Achieving observability in production, starting with a finite state machine

Good timing for the shirt to arrive the same week I started instrumenting things in prod :D

This week I spent some time trying to answer questions in our production systems. I planned on doing so by leveraging tracing and Honeycomb, which I’ve been evaluating on my own time. The first question I set out to answer was around a problem that has been a pain in the butt of our platform’s operators.

The problem

  • receive requests to replace nodes
  • launch replacement nodes and ensure they’re healthy
  • migrate workloads off the old nodes
  • remove the old nodes

The tool implements a finite state machine to handle the different scenarios that can occur when hosts are being replaced.The recurring problem with admiral is that it seems every so often it gets stuck or takes a vacation, but we haven’t had the time to investigate it further.
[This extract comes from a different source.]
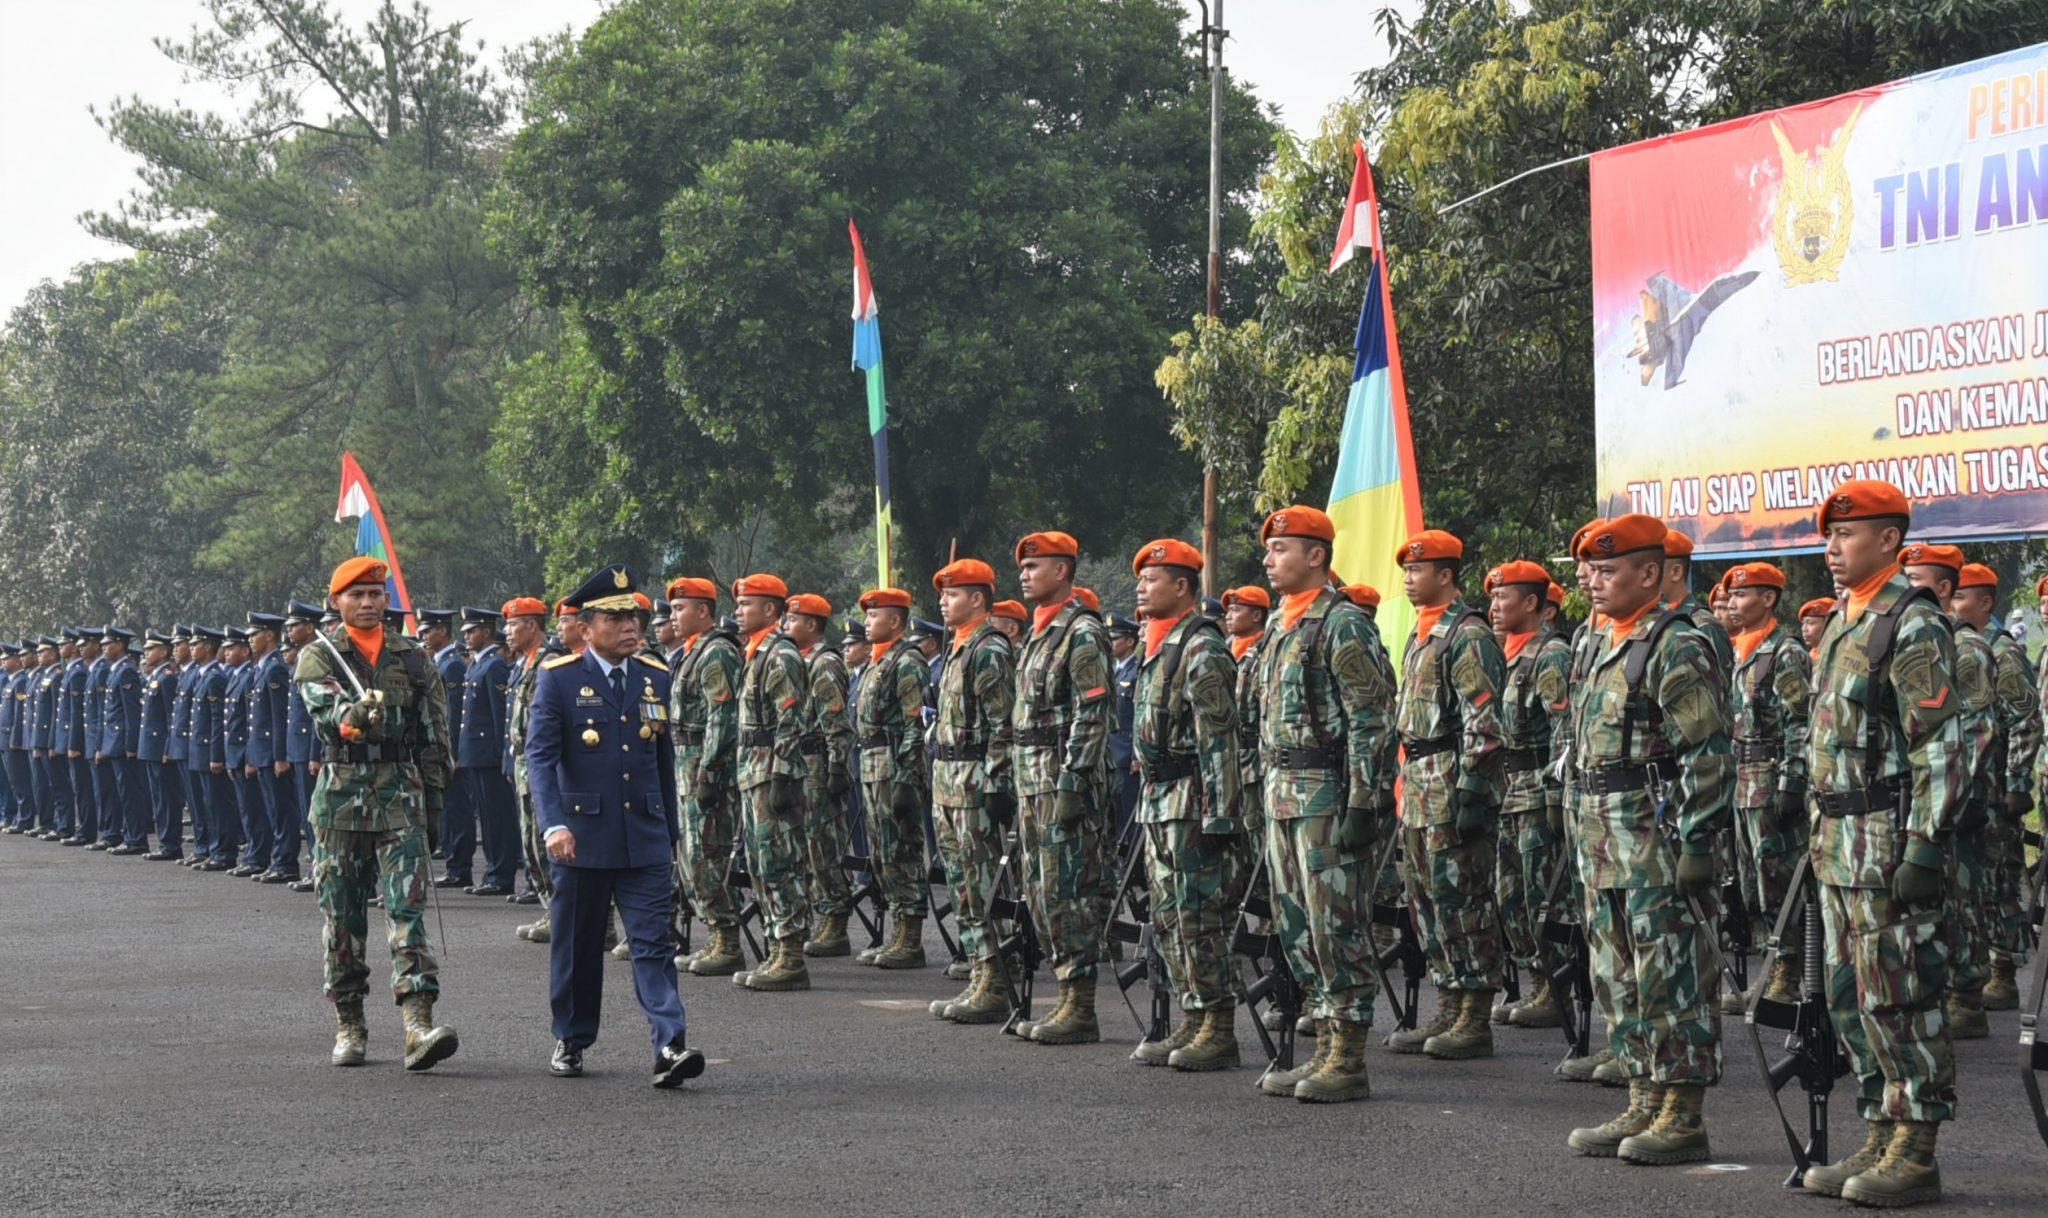 Bakorda Bandung peringati HUT ke-73 TNI Angkatan Udara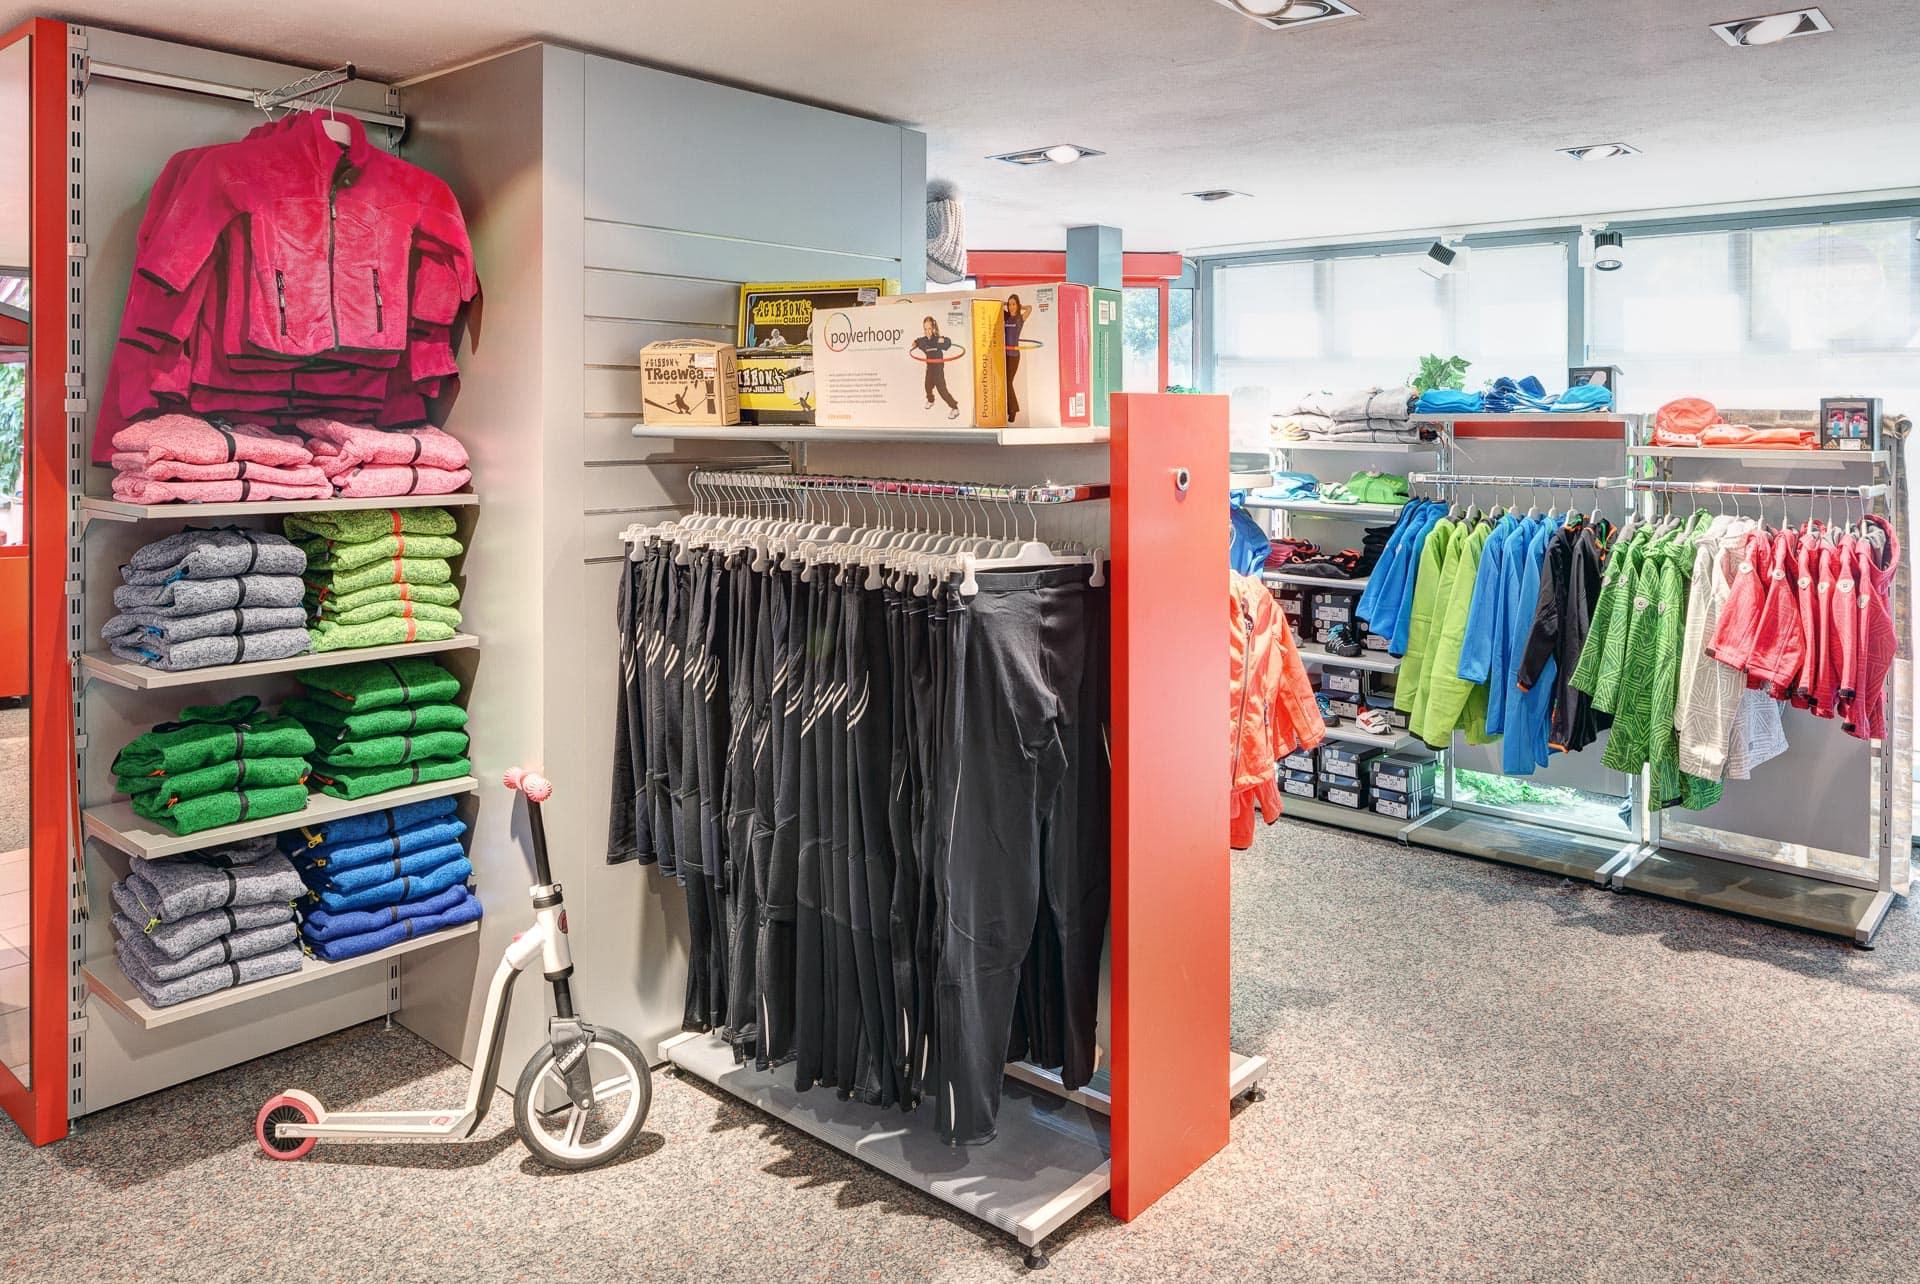 Retail-Fotografie auch in kleineren Geschäften

This problem increases the toil our operators have to deal with as once in a while, they have to remember to kick admiral. It also impacts our ability to manage and upgrade the fleet. Last but not least, it’s a constant source of mental anxiety for many team members.

First steps

I instrumented the code using a beeline and some good old fashion copy pasta, et voilà, a traceable finite state machine within minutes.

The code is simple, not pretty but simple, just a few more lines and it all works.

Simple, right?

You can find the complete stateful example in the stateful-tracing-fsm repo. Looking at the traces below, the code now supports tracing across application restarts.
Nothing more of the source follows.